Santander, the eurozone’s largest bank and one of the world’s most profitable during the economic crisis, has joined the queue of Spanish banks planning to issue billions of euros of preference shares to strengthen capital ratios and liquidity.

Santander is seeking permission from the market regulator to issue up to €2.5bn ($3.5bn) of preference shares, according to financial sources in Madrid on Thursday. An official announcement is expected shortly.

BBVA, Spain’s second biggest bank, raised €1bn in this way six months ago. A dozen banks and cajas, the unlisted regional savings bank, have since followed suit, raising or preparing to raise nearly €12bn through preference shares.

Santander executives described the planned issue as routine and said it would replace other preference issues, worth €2.35bn, that are being redeemed by the bank after five years, in accordance with normal Spanish practice.
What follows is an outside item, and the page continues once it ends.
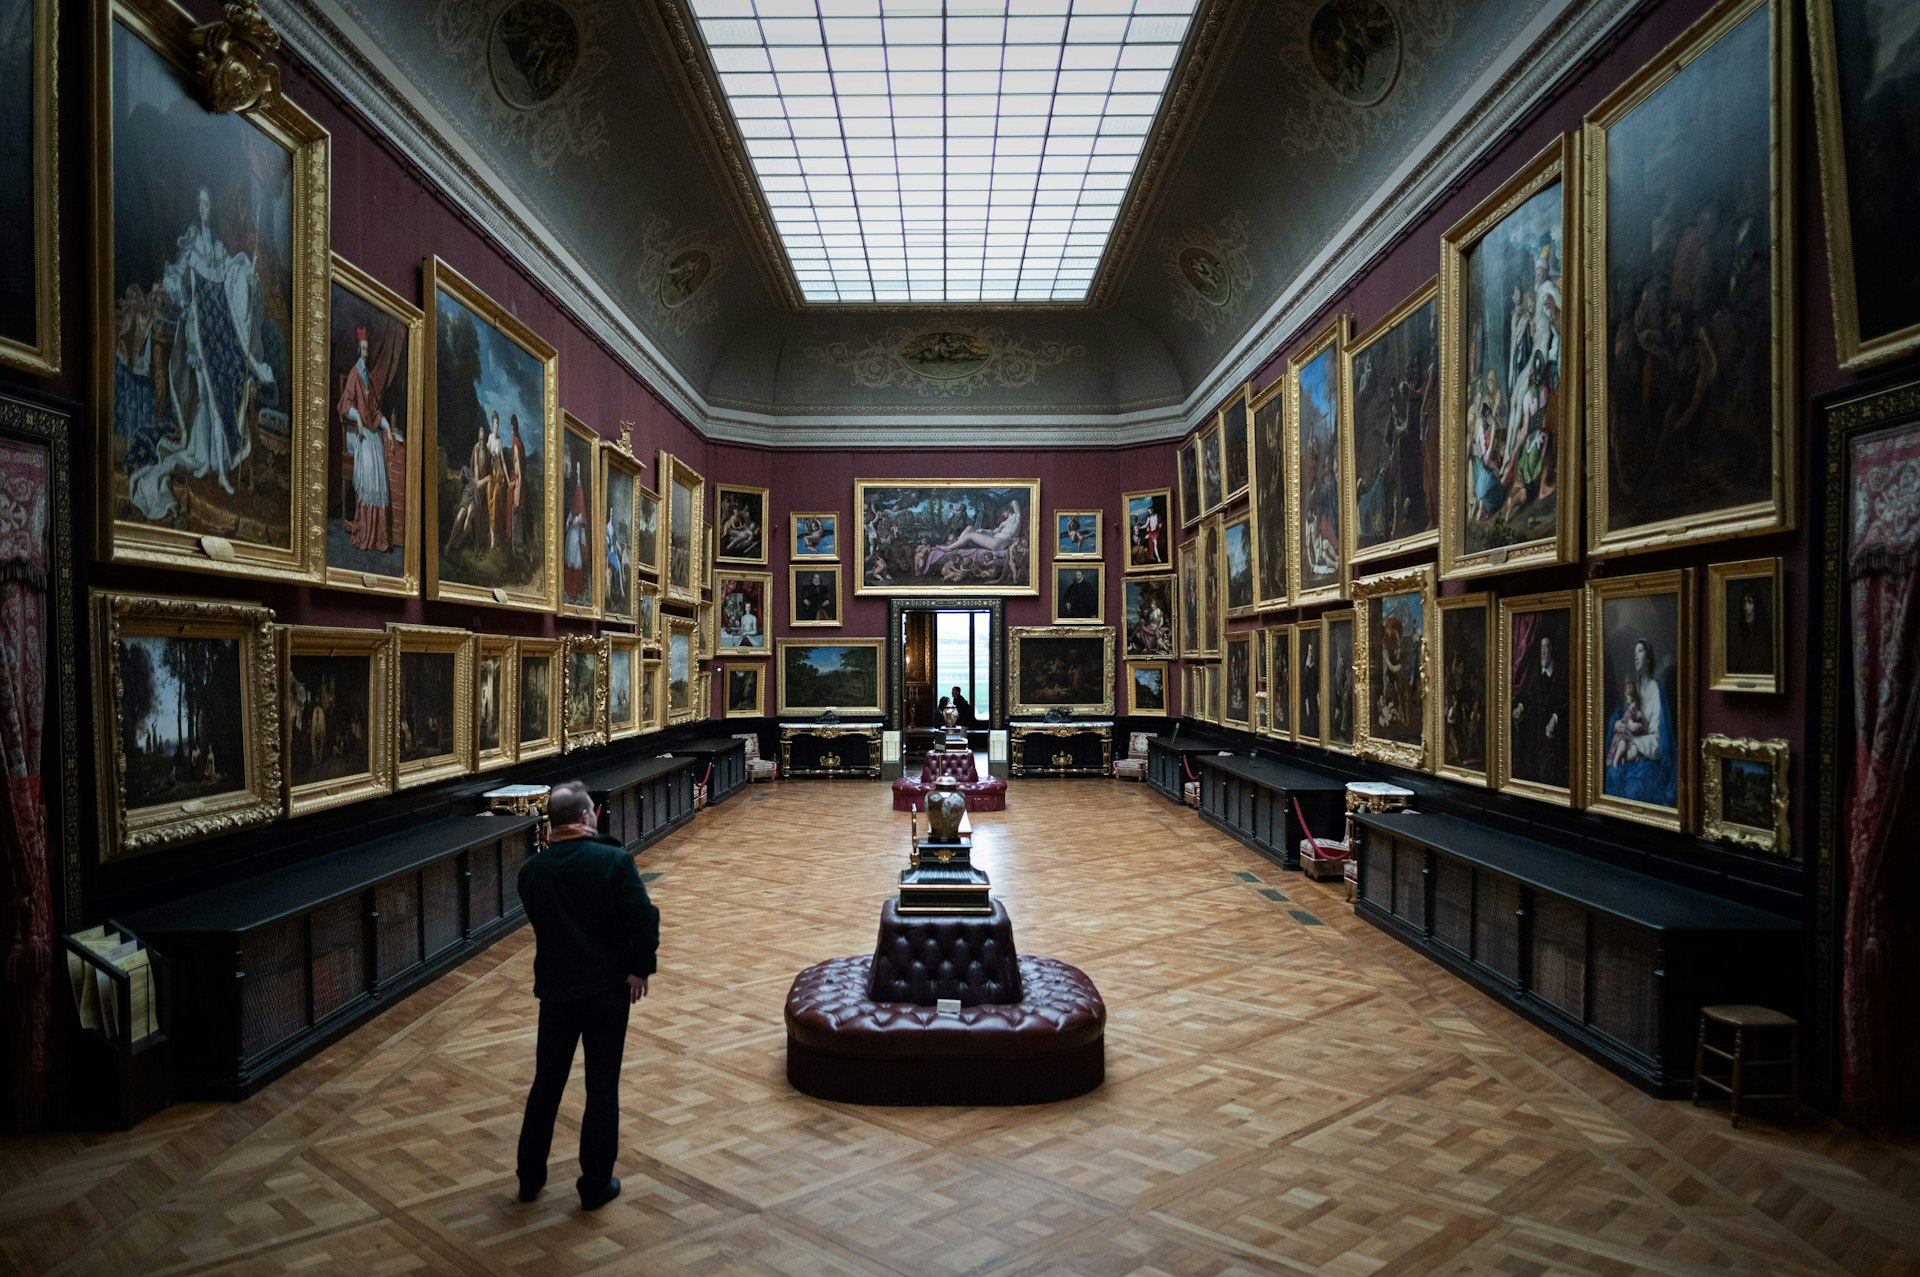 A visitor looks at paintings at the Château of Chantilly, Chantilly, Oise

Under Emilio Botín, chairman, Santander has expanded aggressively overseas in recent years – especially in the UK, Latin America and the US – and has only recently drawn in its horns as a result of the crisis.

In November last year, the bank rushed through a deeply discounted €7.2bn rights issue to shore up its capital, and Mr Botín’s confidence in the bank’s ability to prosper in spite of the downturn has steadily increased since then. From next year, Santander will rebrand its UK operations – Abbey, Alliance & Leicester and the deposits and branches of Bradford & Bingley – under its own name.

Spanish cajas, some of them badly weakened by the collapse of the Spanish housing market, are paying up to 8.25 per cent in annual interest on their new preference shares, but the well capitalised and highly rated Santander is likely to pay something closer to 6 per cent.

“We have plenty of capital,” said one Santander executive on Thursday. The bank’s latest tier one capital, a measure of capital strength that includes equity, reserves and preference shares, stood at a solid 8.9 per cent.

Preference share issues are highly attractive to bank customers and other investors, since the interest rates they pay are far in excess of those offered on normal deposit accounts, which are typically around 1 per cent at present.

Bad loan ratios have risen sharply in the Spanish market in recent months, and banks such as Santander have spent much of their time renegotiating loans and mortgages with businesses and individuals.